Под этот малоприятный монолог, начмед, не дожидаясь капель, сполз с диванчика и покинул весталку наедине со своими умозаключениями. Глотнув свежего больничного воздуха, безнадежный педант-романтик враз освободился и от афазии, и от симптомов пароксизмальной тахикардии. Его дребезжащий тенорок уже наводил порядки в вверенном ему медучреждении.
А Эфра, в ожидании первого больного, а пациентов к ней приводили, уставилась в окошко и стала напевать стихи. Стихи девушка любила самозабвенно. И даже не сами стихи, а музыку стиха. Стихи бывали разные: плоские как фотография - посмотрел и забыл; треугольные, квадратные, овальные и всякой другой геометрической формы - эти также не представляли большого интереса. Встречались стихи конусообразные и цилиндрической формы - эти можно было рассматривать со всех сторон и, пожалуй, некоторое время любоваться ими. Встречались стихи как готовые песни, но и эти были, то плоские, то забывались сразу после прочтения.
Но бывали стихи, от которых веяло диким полем, кострами, сражением, молитвой, поцелуями, смертью и надеждой. Иногда казалось, что она помнит всё: все ее реинкарнации. Стоило прочесть правильную строчку, как образы прошлых воплощений овладевали ею настолько, что девушка забывала реальность, а реальностью становился мир видений. И вот она в храме Афины, и луна освещает ее танцующее тело, и хриплые, обкуренные несвязные окрики жрецов заставляют ее забыть суть предназначения женщины, но она не отдаст им то, что и есть ее естество - надежду. А вот она на полу кельи в собственных испражнениях и монашки изгоняют из нее бесов. Но она знает, что никаких бесов нет, а есть только надежда, которую у нее не отнять, даже сестрам. А вот она с растрепанными седыми волосами и красная косынка в руке, и полупьяный чекист стреляет - и никак не вериться, что ради этого она родилась. А надежда ее души, растворяется в азбуке прописных заповедей - и нет блаженнее мига, когда осознаешь, что выстоял, что не поддался соблазну, не переступил Рубикон, а взлетел над обстоятельствами, достигнул Седьмого неба, даже ценой собственной смерти.
Кажется, вошли. Она постояла, дождалась, когда захлопнется дверь и воспоминания оставят ее. Постояла. Обернулась и подняла глаза на вошедшего.
...Они смотрели друг на друга и она знала, что эти седые глаза ведут за грань бытия и вечности, что прежнее прошло, а новое связано навсегда с этим давно небритым, серого лица и больничного одеяния мужчиной неопределенного возраста, у которого в глазах была Надежда.
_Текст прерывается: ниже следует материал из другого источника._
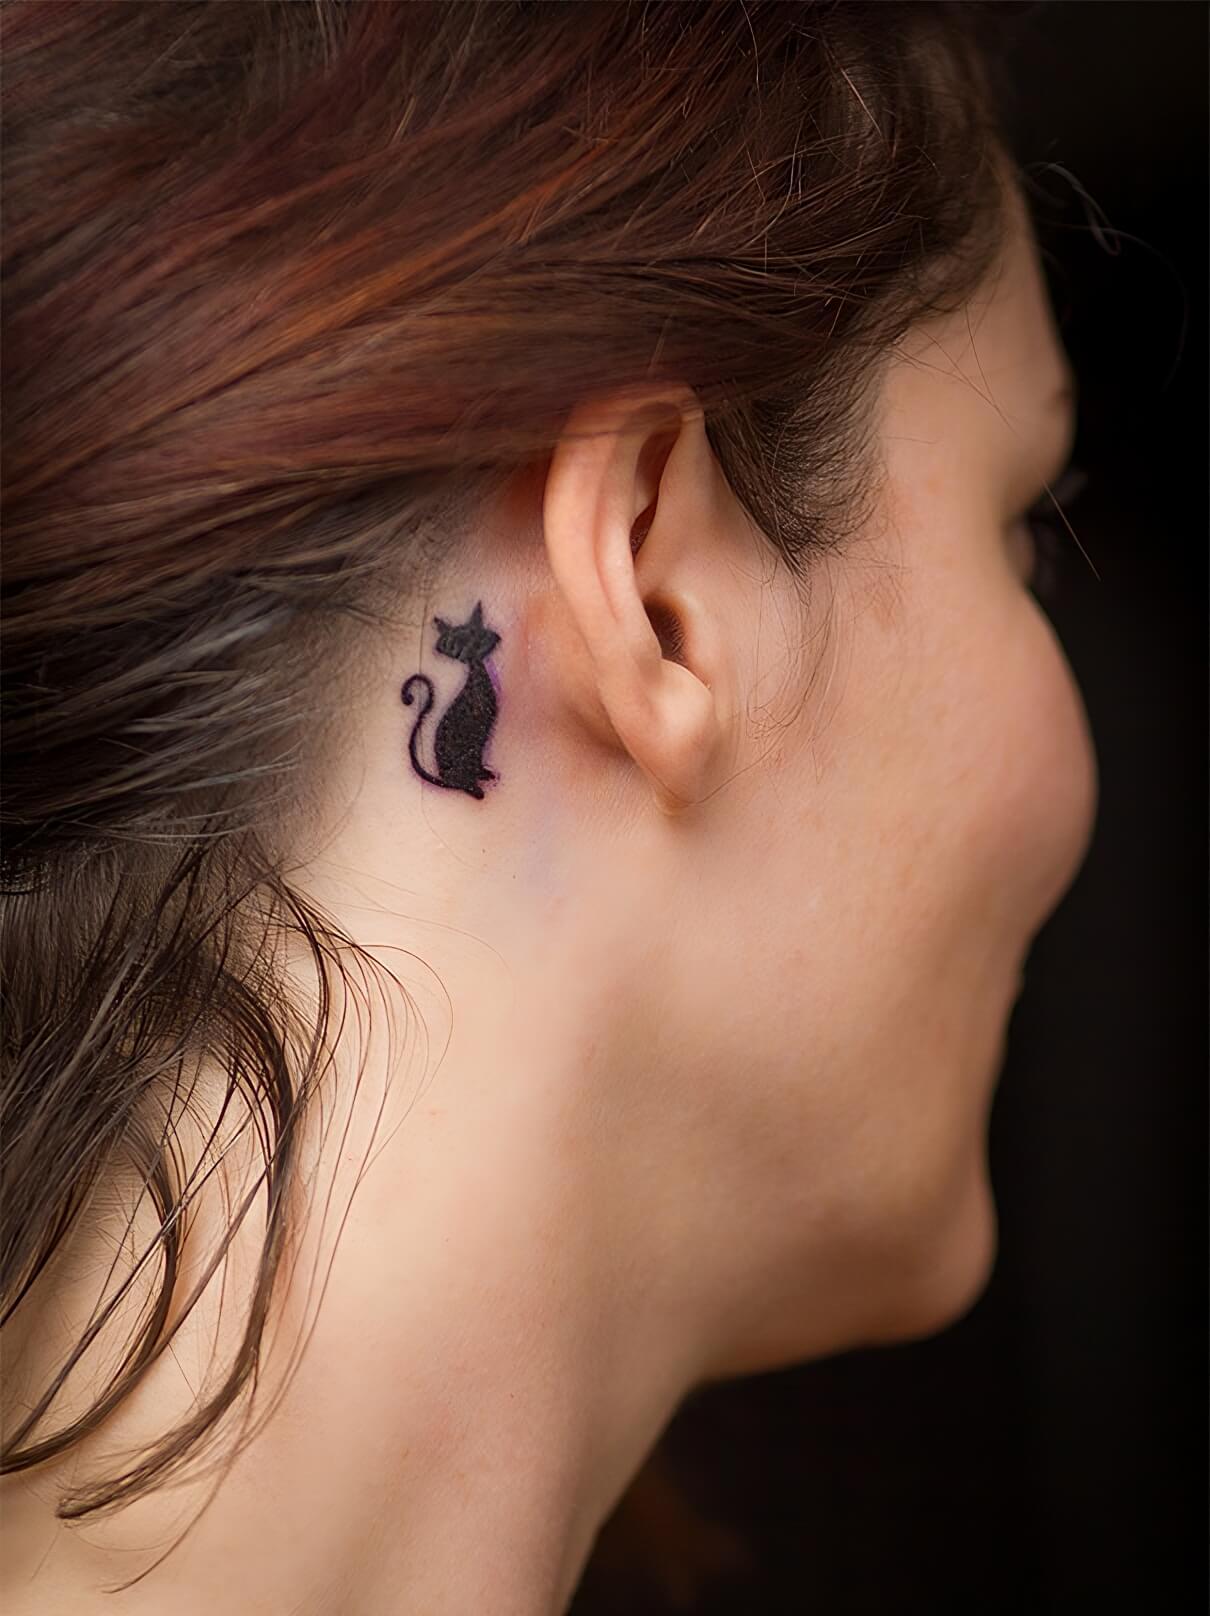 Mini Cat Tattoos Behind The Ear

И ангел Сущности стоял позади человека. И был тихий родной голос:
- Сей есть пророк Мой. Он видел Бездну и не отрёкся от Меня. Ты, женщина, пойдешь с ним - и будете как одно.
А в деревянное огромное окно проливался июльский день и растекался сапфировыми бликами по стенам и потолку, по скудной больничной меблировке и персонажам, как бы запечатленным мазком художника импрессиониста, и легкой финифтью застывал в антураже. Наступило преддверие праздника Иоанна Предтечи.
- Плешивый то какой, небось по девкам ходок. Иди уже, иди, а то я так до ночи не управлюсь,- беззлобно выпроваживала постояльца кремовой палаты на свежий воздух добродушное существо женского пола в иссиня застиранном халате со шваброй.
Постоялец побрел на свежий воздух и очутился на больничном дворе. Осмотрелся - улыбнулся: постройка начала прошлого века под сайдингом. Кто-то донельзя усердный облагородил под дикую современность бревенчатые стены поселковой больницы и превратил естественное живое лицо в пластический суррогат.